Les similitudes entre l’absolution avec probation et l’emprisonnement dans la collectivité

R. c. Berish, 2011 QCCA 2288 (CanLII)

[10] On doit noter au départ que les positions de la poursuite et de la défense ne sont pas si loin l’une de l’autre. L’absolution avec probation durant deux ans et l’emprisonnement dans la collectivité durant un an impliquent une reconnaissance que l’accusé s’est amendé et que la sécurité du public n’est pas à risque même si on ne le confine pas à la prison.
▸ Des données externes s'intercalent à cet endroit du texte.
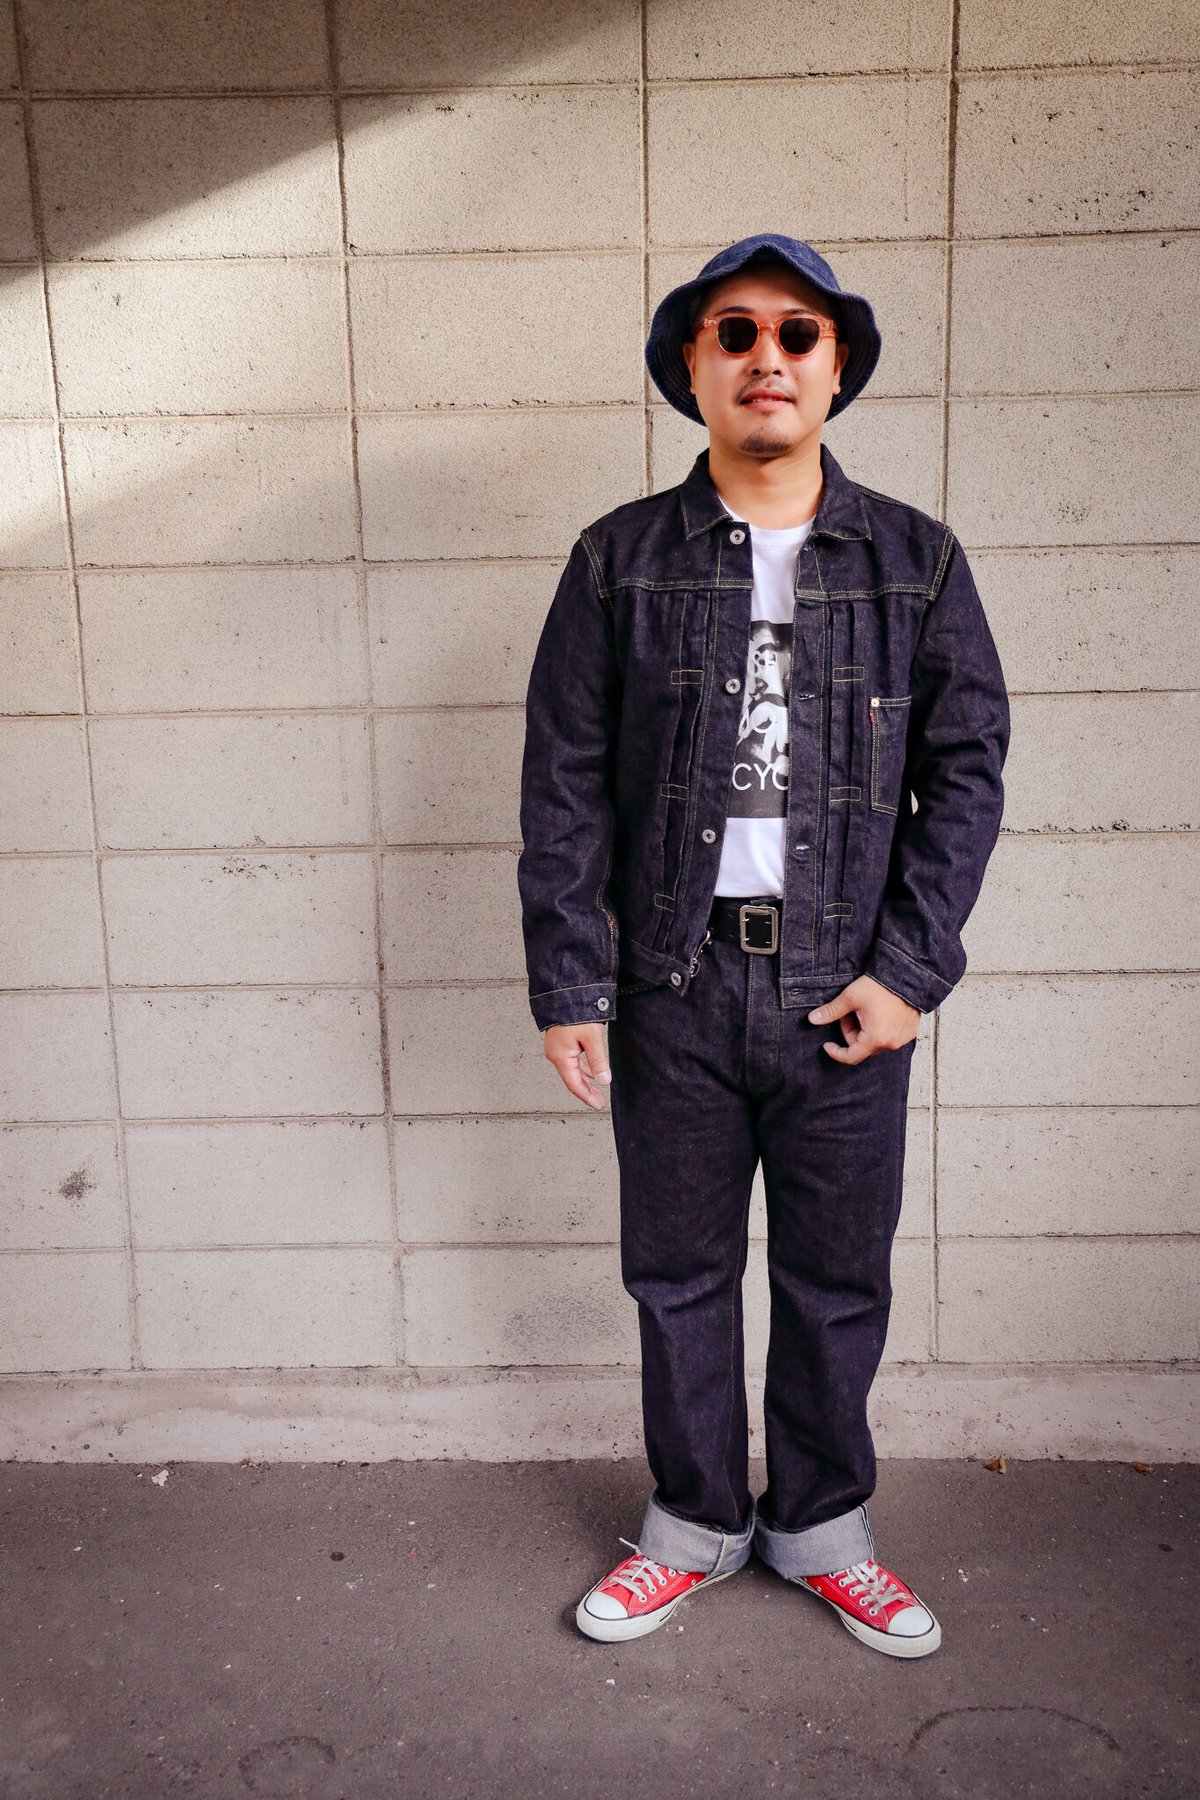 tcb s40's jacket \u0026 jeansTバック仕様でしょうか

[11] La principale différence réside dans le fait que, dans le premier cas, le délinquant est réputé ne pas avoir été condamné, alors que dans le second, il traînera sa vie durant une condamnation handicapante.

lundi 26 décembre 2011

Les démarches qu'un juge du procès doit entreprendre s'il existe une crainte qu'un membre du jury soit partial

Seck c. R., 2011 QCCA 2250 (CanLII)

[65] La Cour d'appel de Colombie Britannique expliqua les démarches qu'un/e juge du procès doit entreprendre s'il existe une crainte qu'un membre du jury soit partial en ces termes :

39 A trial judge who becomes aware of circumstances which raise a question as to the impartiality of a juror is empowered to discharge that juror pursuant to s. 644 of the Criminal Code or to dismiss the jury and declare a mistrial. Whether to take such a step is a matter which falls within the discretion of the trial judge and an appeal court will generally exercise caution before interfering with the exercise of that discretion. See: R. v. Horne reflex, (1987), 35 C.C.C. (3d) 427 (Alta. C.A.); R. v. Andrews, Farrant & Kerr (1984), 13 C.C.C. (2d) 207 (B.C.C.A.); R. v. Hanna 1993 CanLII 1425 (BC CA), (1993), 80 C.C.C. (3d) 289 at 312 (B.C.C.A.).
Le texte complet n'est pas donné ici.